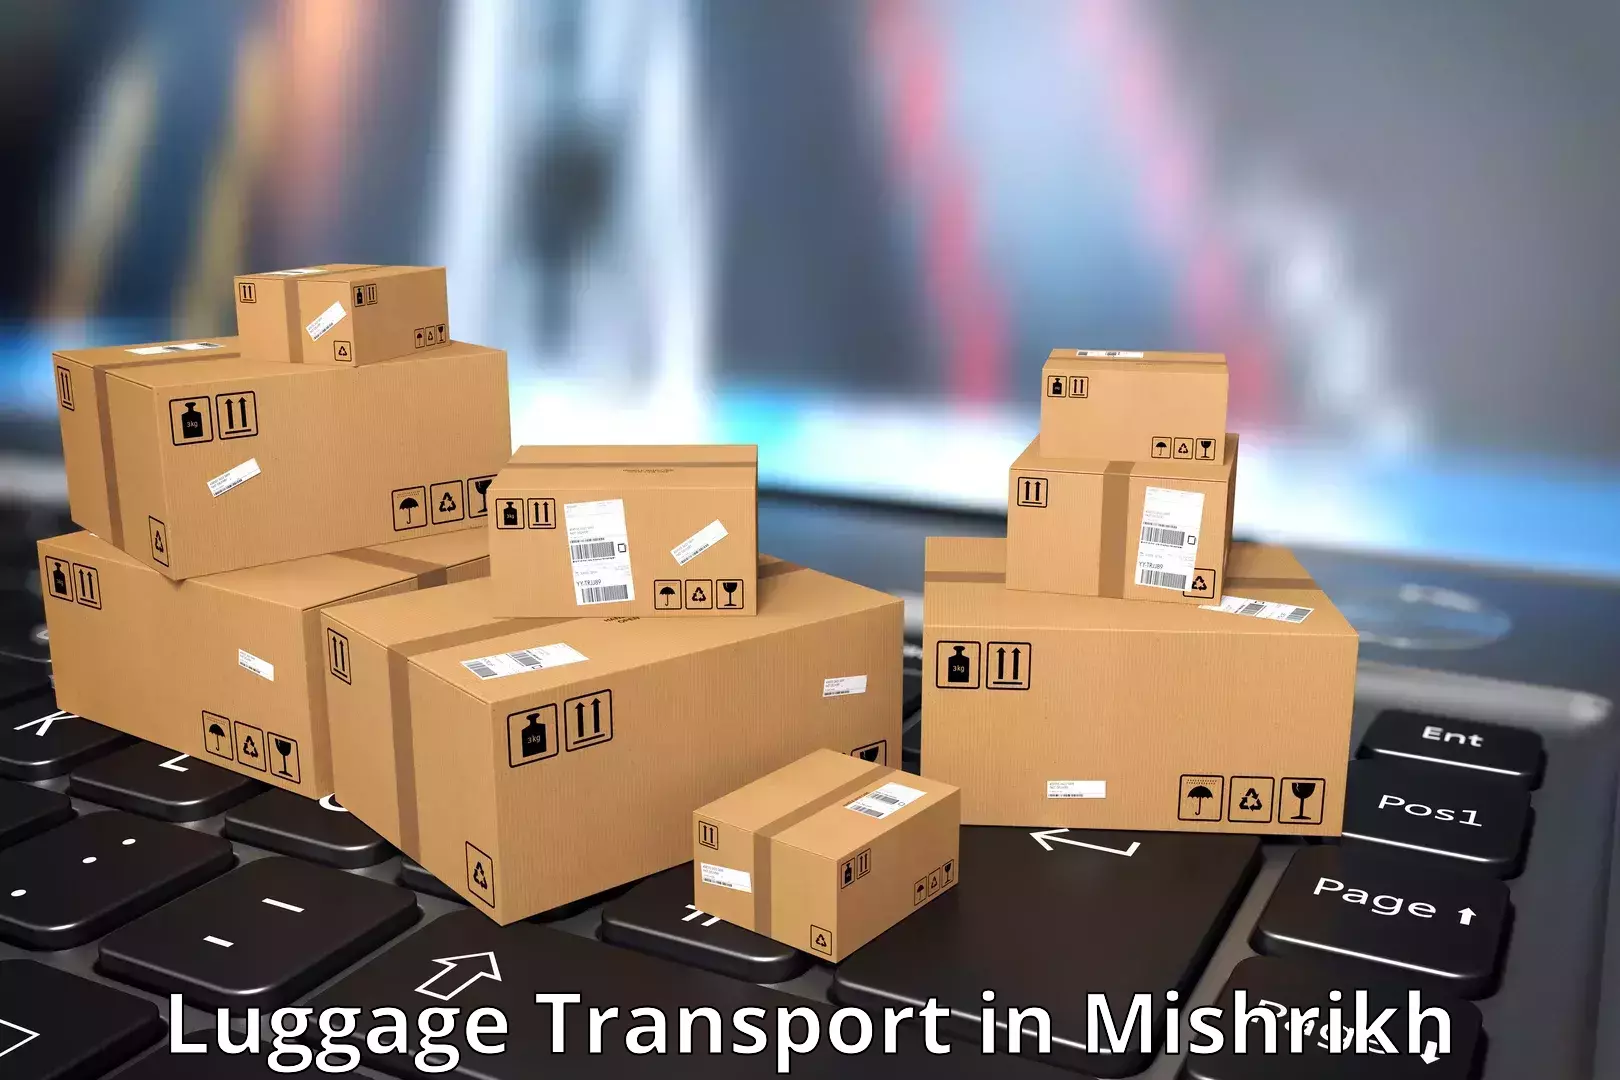 Luggage delivery system in Mishrikh
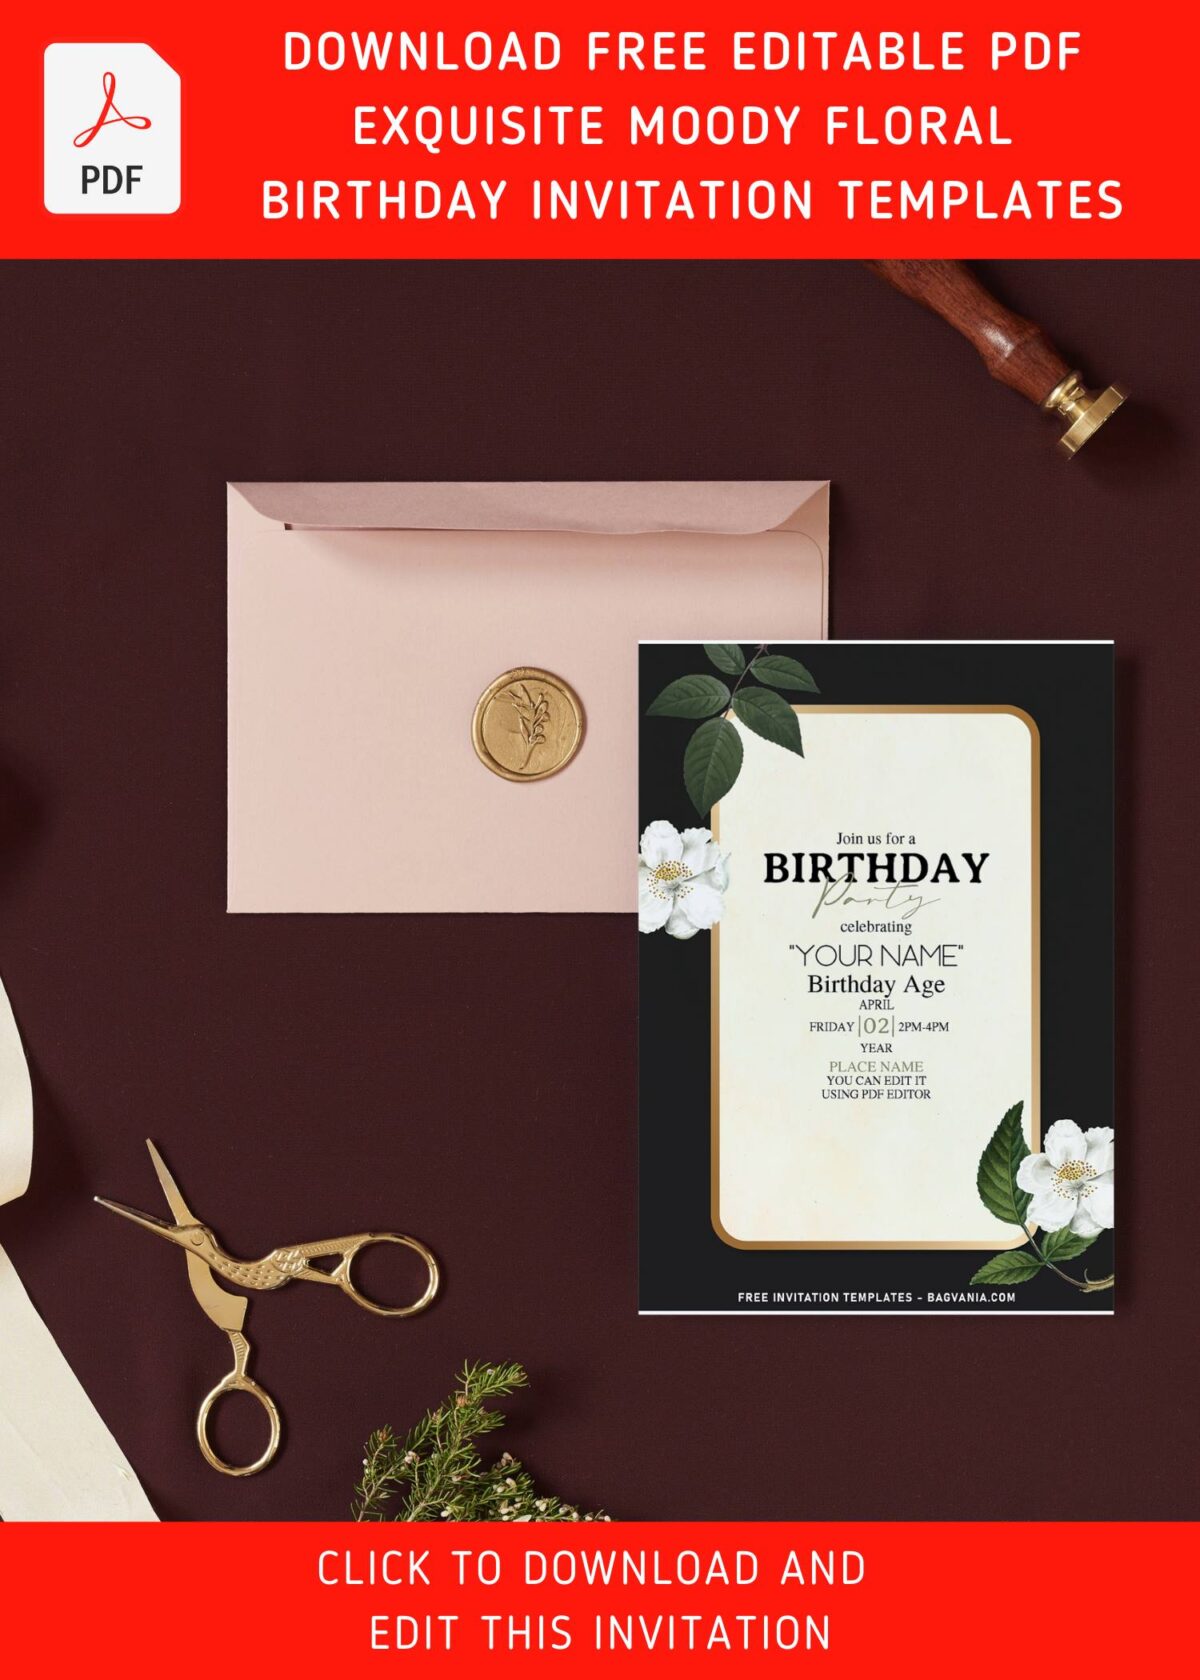 (Free Editable PDF) Stylish & Captivating Moody Floral Birthday Invitation Templates with aesthetic leaves
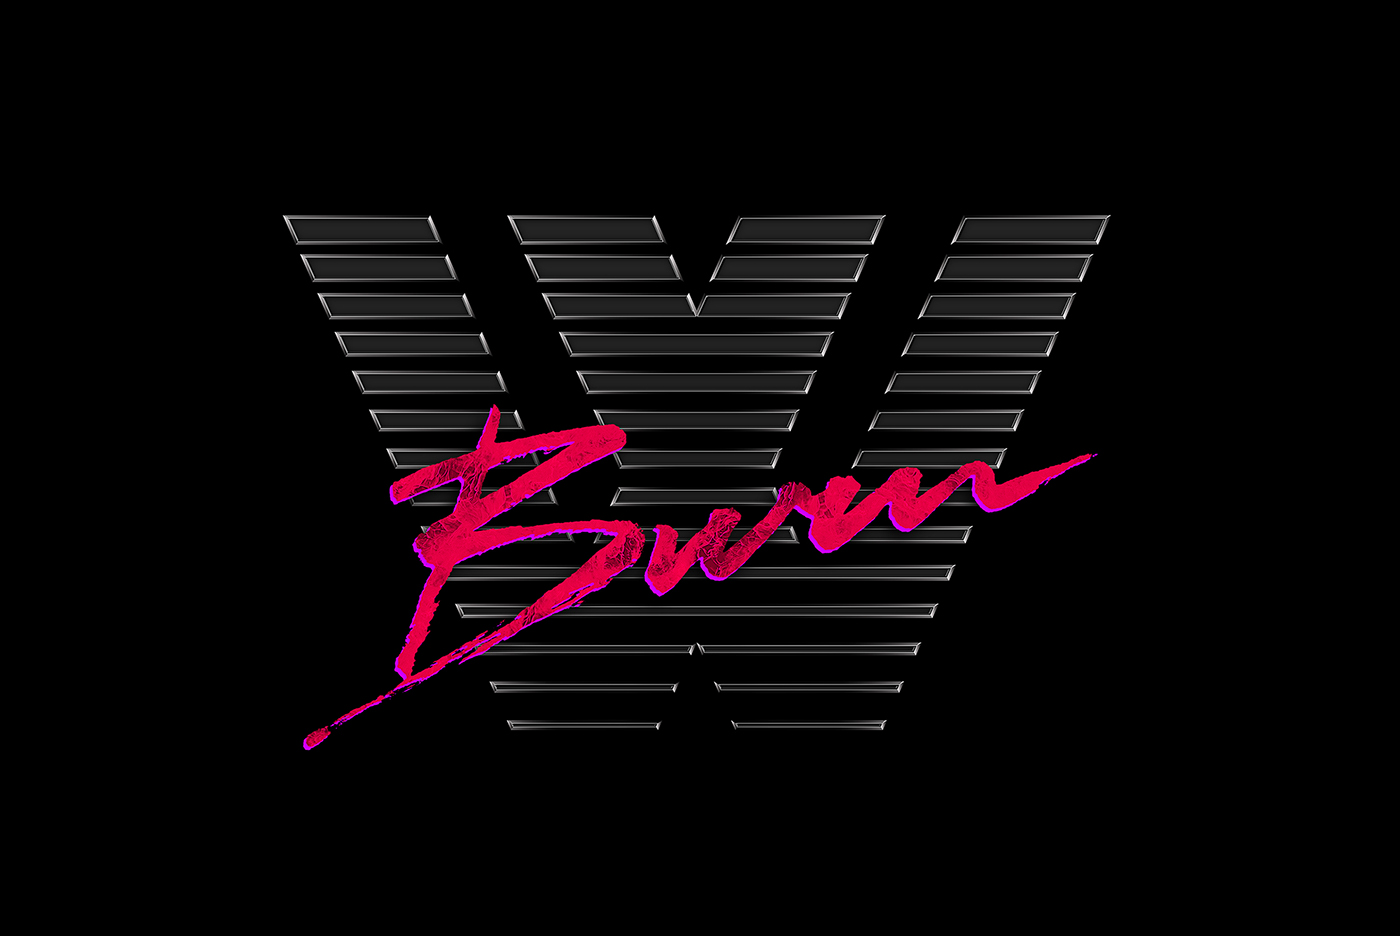 Synthwave darkwave 80s Outrun SYNTH old Retro retrowave logo

Goal of the exercise.
Since the pictures are not wanted, transcribe the rest of the listing above exactly.

Output for this exercise.
 Luggage delivery system in Mishrikh
 (Free Editable PDF) Stylish & Captivating Moody Floral Birthday Invitation Templates with aesthetic leaves
 Synthwave darkwave 80s Outrun SYNTH old Retro retrowave logo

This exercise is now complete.